Exercise instructions:
Would you please copy only the lines from the line that contains "生活家居品牌产品目录/画册设计模板 Living Design" to the end of the data below, exactly, leaving every picture out?

━━━ Data to examine

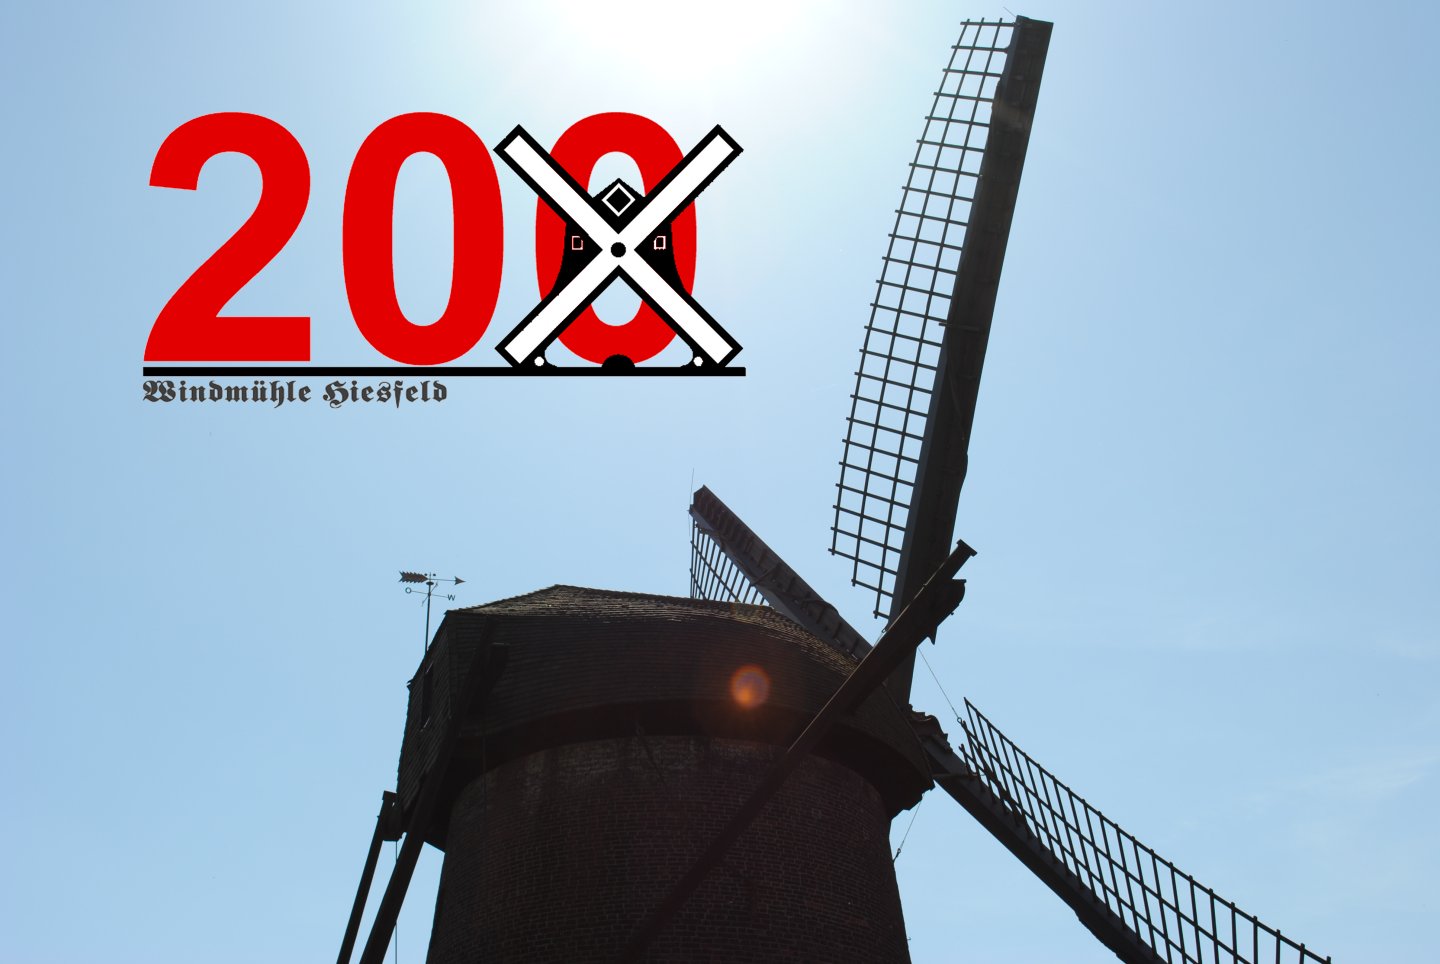 Die Windmühle wird 200 Jahre alt - Beginn der Inforeihe mit Logo
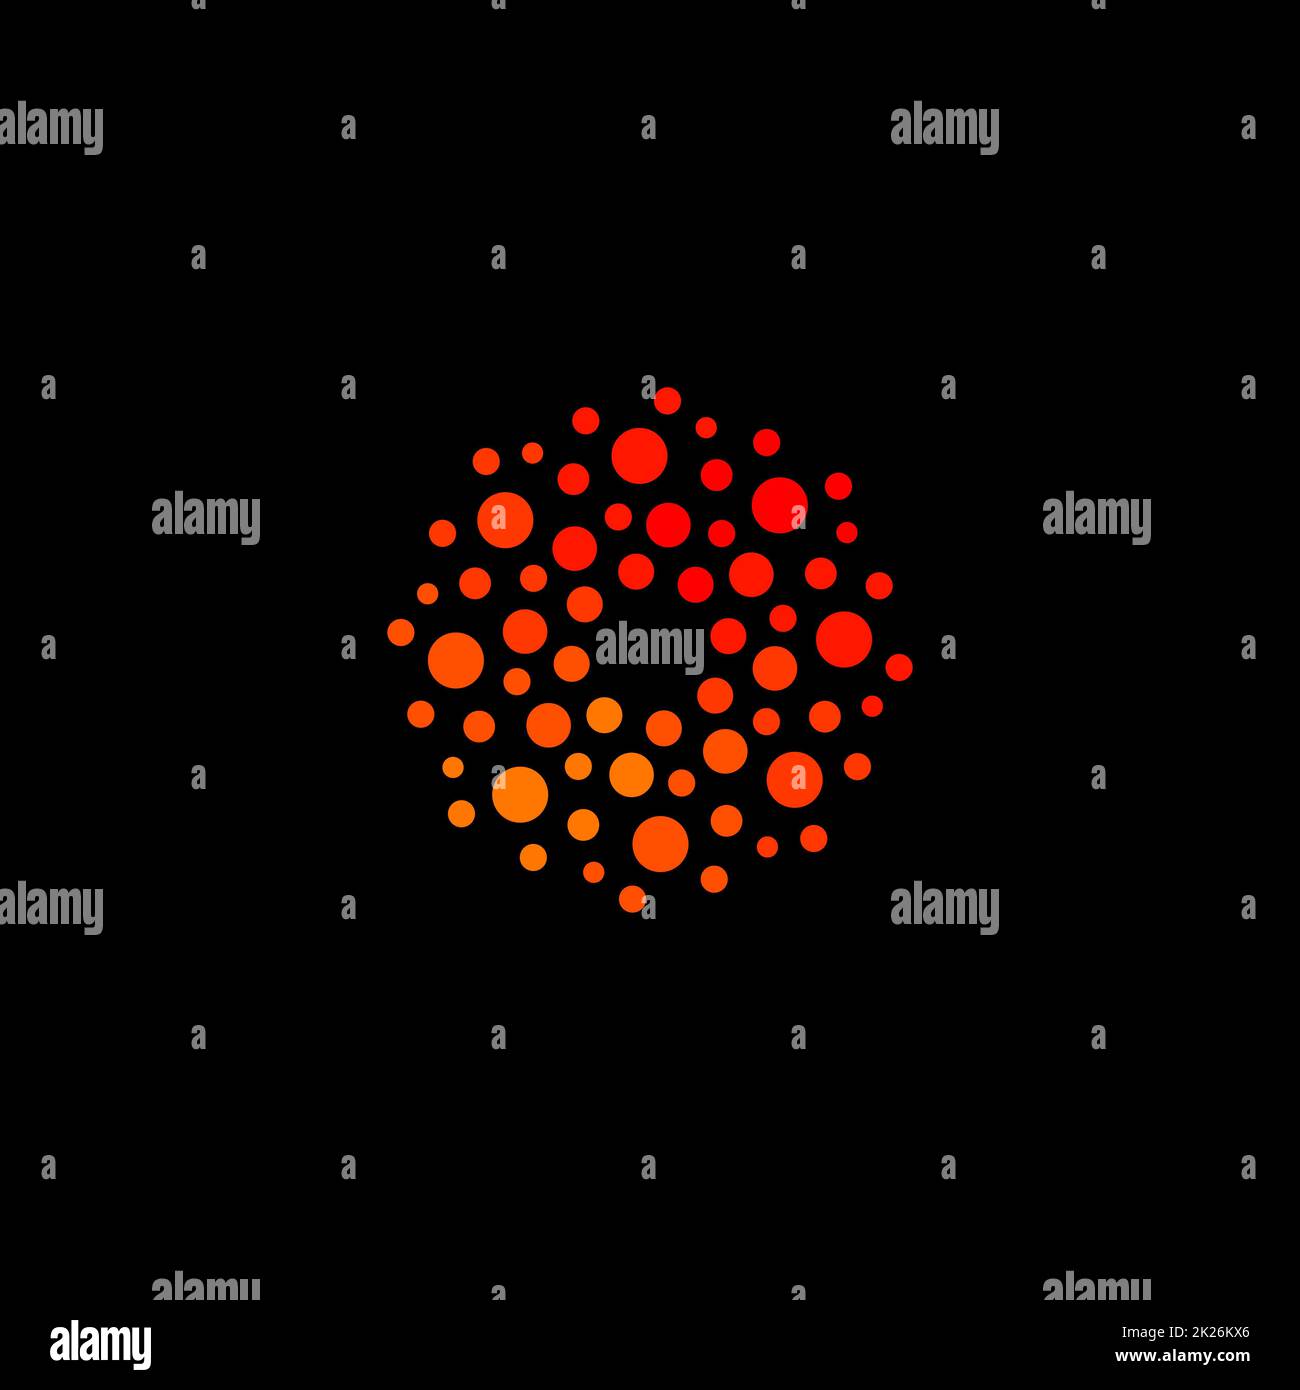 Isoliertes, abstraktes, rundes, orangefarbenes Logo, gepunktetes, stilisiertes Sonnenlogo auf schwarzem Hintergrund, Vektordarstellung Stockfoto
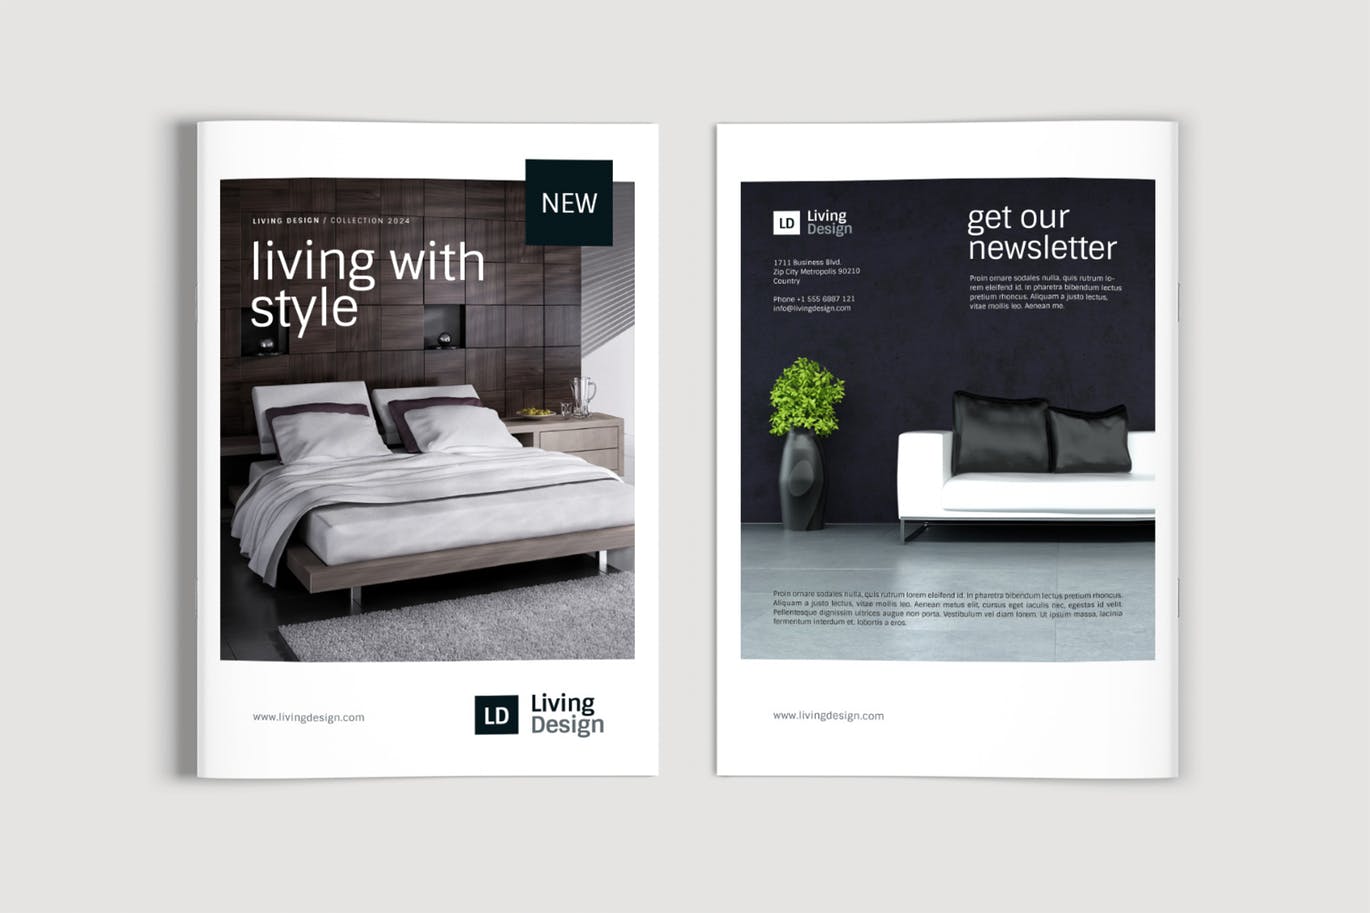 生活家居品牌产品目录/画册设计模板 Living Design – Product Catalog Template插图(8)
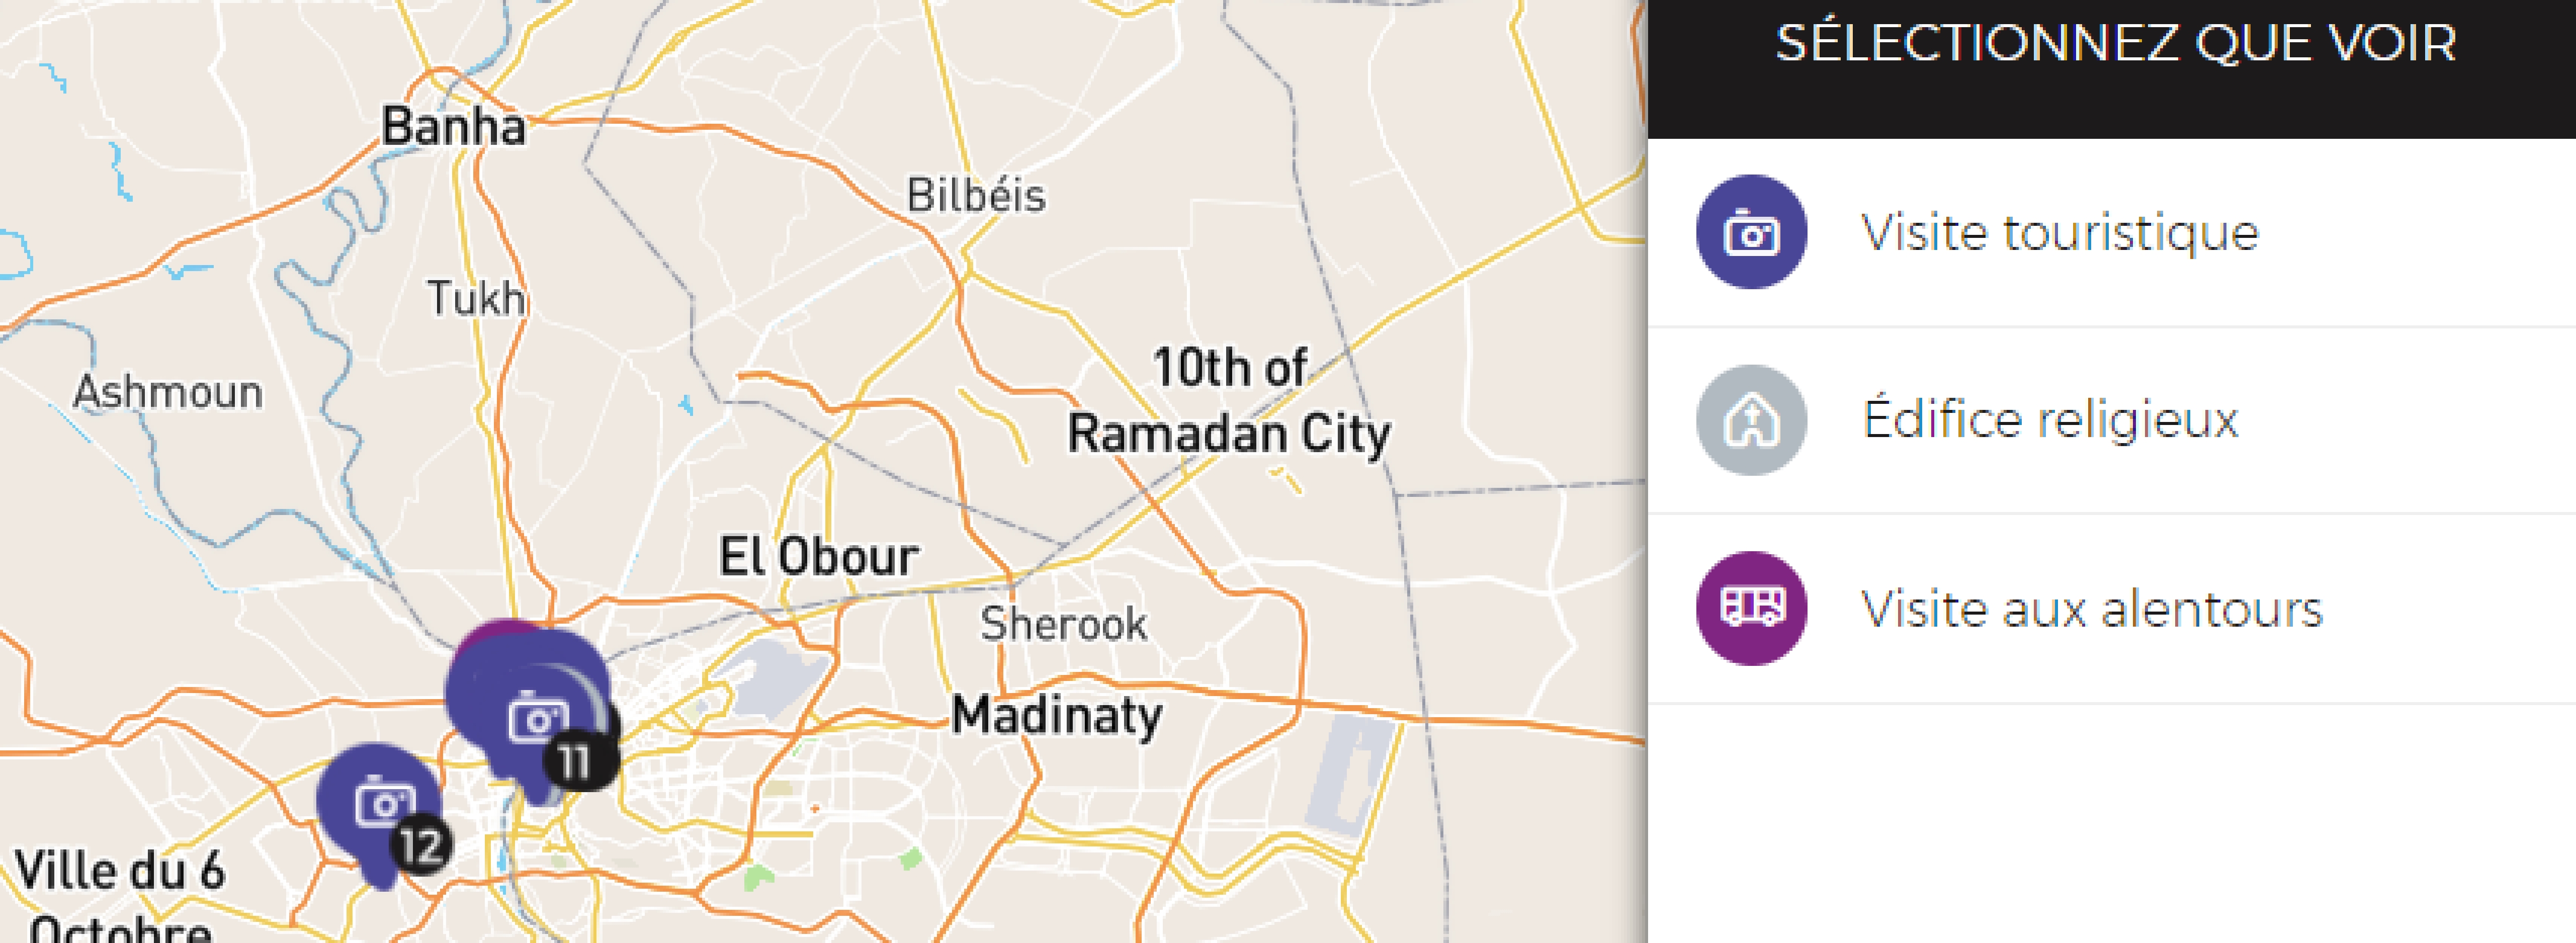 Une carte intéractive avec les endroits à visiter en égypte
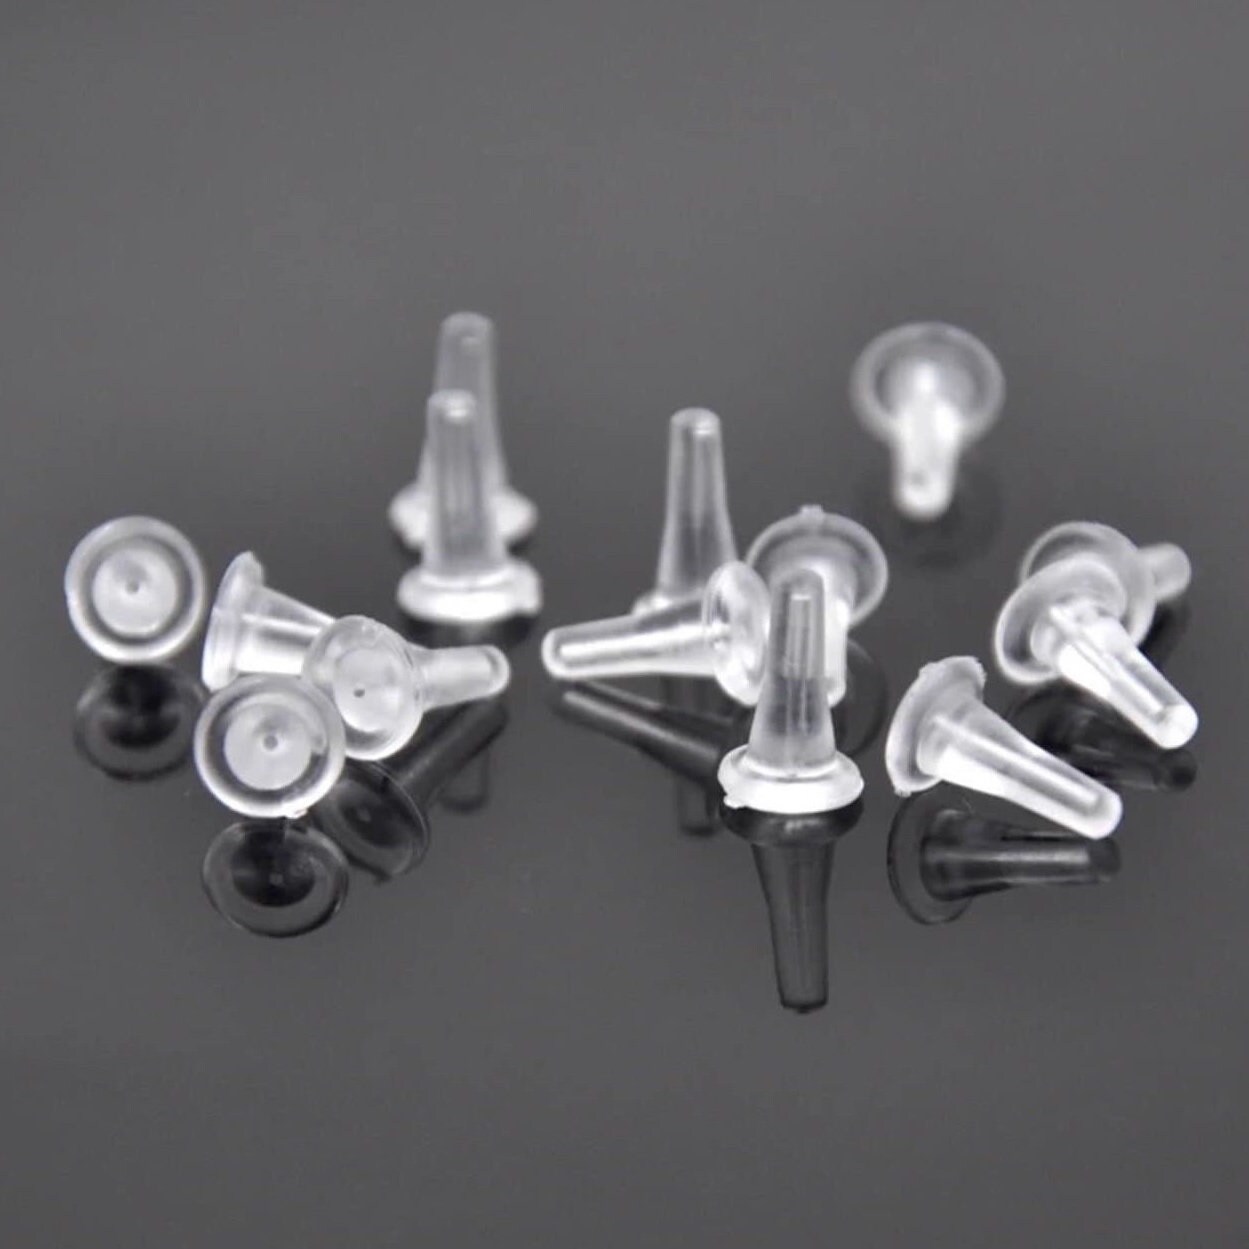 100pcs/lot 316L Stainless Steel Hypoallergenic Earring Backs Ear Nuts  Wholesale Earring Stoppers for DIY Earring

━━━━━━

Solution:
 生活家居品牌产品目录/画册设计模板 Living Design – Product Catalog Template插图(8)
 Une carte intéractive avec les endroits à visiter en égypte
 100pcs/lot 316L Stainless Steel Hypoallergenic Earring Backs Ear Nuts  Wholesale Earring Stoppers for DIY Earring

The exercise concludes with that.